The transcriber hears a Lagos accent worse than a Los Angeles one, and our residents pay for it.
Speech-to-text word error rates climb sharply for non-mainstream accents — and in a skilled-nursing wing full of immigrant elders, that gap compounds into a device that quietly stops working for the people who need it most.
A resident on one of our pilot units grew up speaking Yoruba and learned English in his thirties. When he asks Companion to call his daughter, the transcript that comes back from the speech-to-text layer often reads call my doctor or simply drops the proper noun entirely. The model is not broken. It is doing exactly what it was trained to do: recognize the accents it saw most. His was not one of them.
The gap is measurable, and it is large
Accent bias in STT is not a vibe — it is a number you can read off an eval. On our internal accent slices, word error rate (WER) for general American English speakers sits around 7–9%. For the same utterances spoken with a strong West African, South Asian, or Caribbean accent, we measure WER in the 18–26% range, and the worst-performing slice we have logged crossed 30%. Roughly one word in three wrong is not a degraded experience. It is a different product.
The cause is upstream of us. Public training corpora skew heavily toward North American and British English recorded by younger, fluent speakers. An accent that is rare in the training distribution is, by construction, harder for the acoustic model to map to the right phonemes. The model's confidence stays high while its accuracy collapses, which is the dangerous combination: it does not know it is failing.
Why it compounds at the bedside
For a healthy adult on a phone, a 20% WER is annoying. For a frail immigrant elder, the same WER stacks on top of every other thing already working against intelligibility:
- Accent plus age. A non-mainstream accent layered on a weaker, breathier aged voice pushes two underrepresented features at once. The errors do not add — they multiply.
- Accent plus environment. Bedside audio is full of HVAC hum, a roommate's TV, and an overhead page. Noise robustness is also worst on the accents the model knows least.
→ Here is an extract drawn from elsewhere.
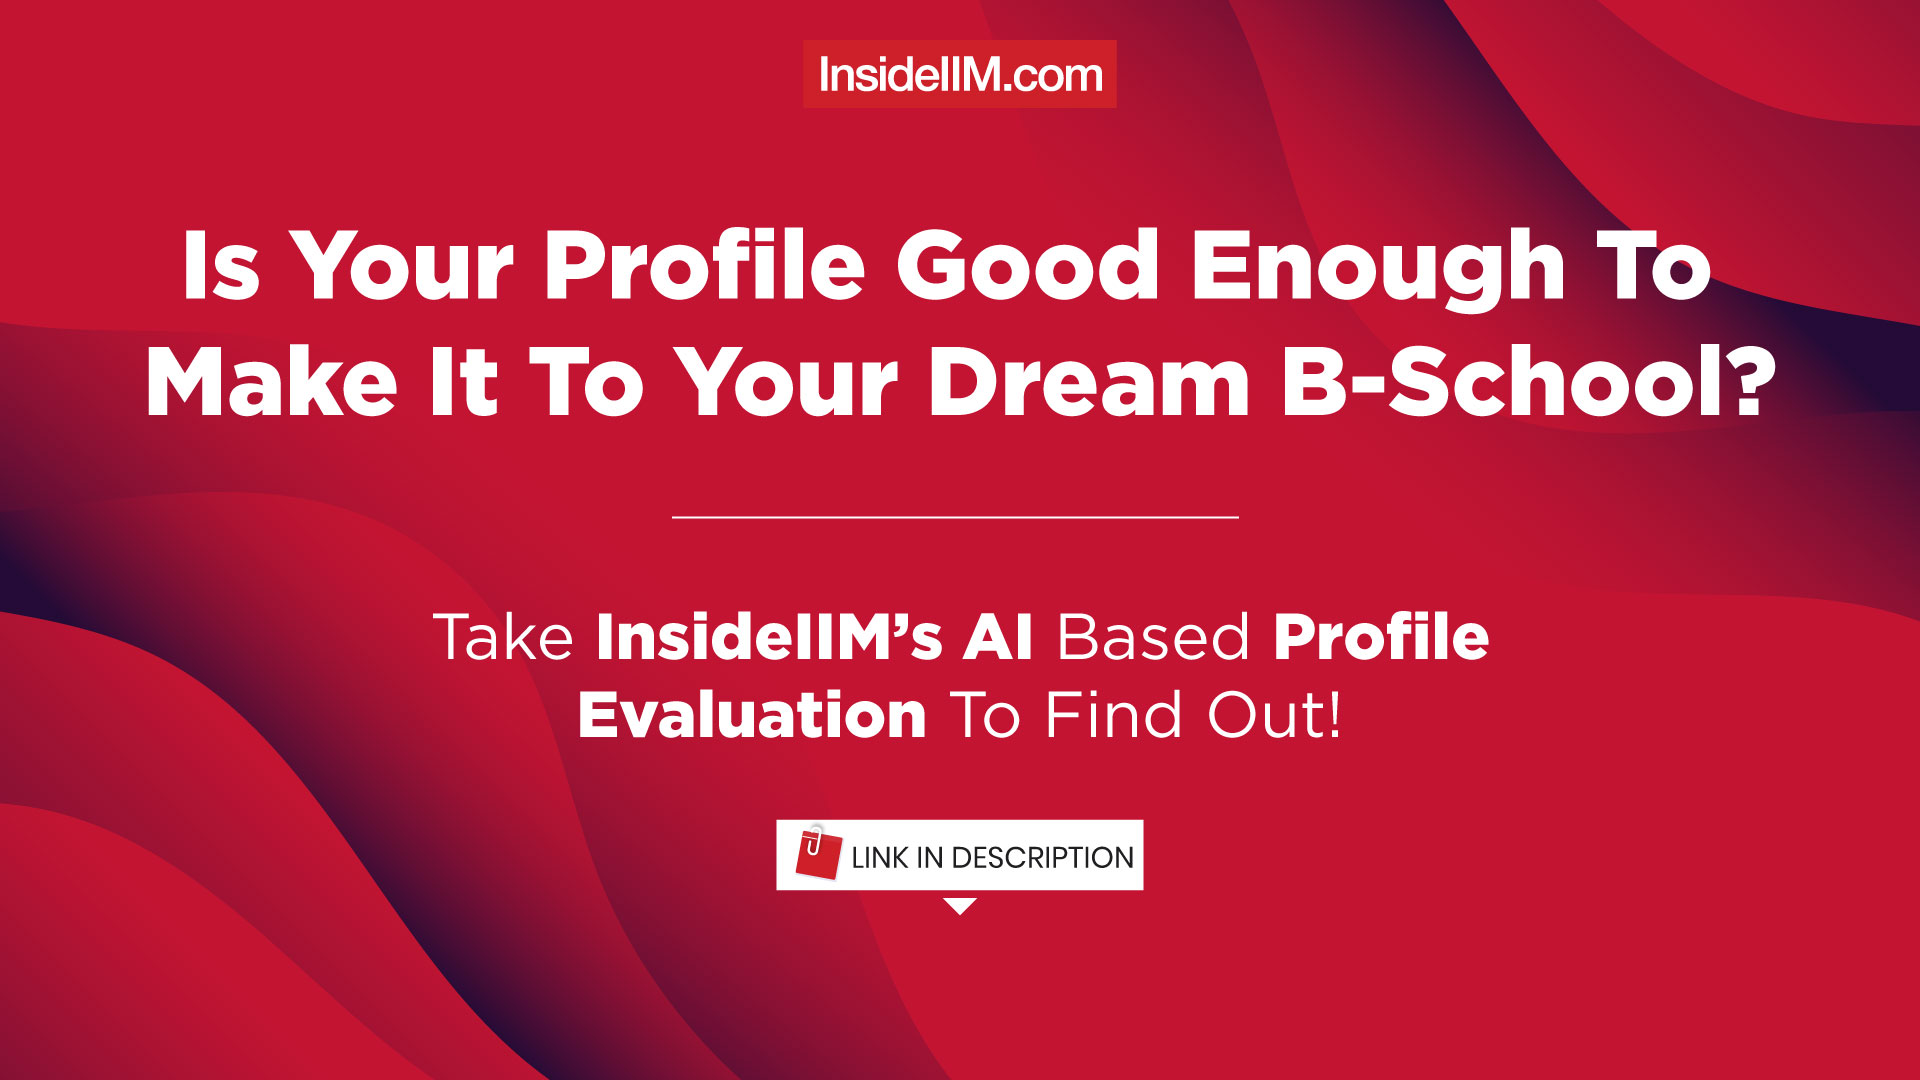 InsideIIM's AI-Based Profile Evaluation Tool

- Accent plus stakes. The utterances that matter most — I'm dizzy, call my son, a medication name — are exactly the ones with proper nouns and clinical terms the model is least likely to recover.
And there is a feedback loop. After two or three misrecognitions, the resident stops trusting the device and stops talking to it. The accent bias becomes a usage gap, and the usage gap erases the very person from our data, so the next model trains on even less of his speech. Left alone, bias is self-reinforcing.
What we do about it
We treat accent as a first-class cohort, not an afterthought. Our adapter layer lets us route a given device to whichever STT backend — OpenAI Realtime, ElevenLabs, Grok — scores best on that resident's accent slice, and we re-measure per provider rather than trusting one vendor's aggregate number. We bias decoding toward a small per-resident vocabulary of the names and terms that actually matter to them, so Adeyemi and furosemide are candidates the recognizer is primed to find. And when confidence drops on a high-stakes utterance, Companion confirms out loud instead of acting on a guess.
None of this fully closes the gap; honesty requires saying so. But the man in that room should not have to flatten his own voice to be heard by a machine at his bedside. The accent he carried across an ocean is not noise to be cleaned up. It is the signal, and our job is to get better at receiving it.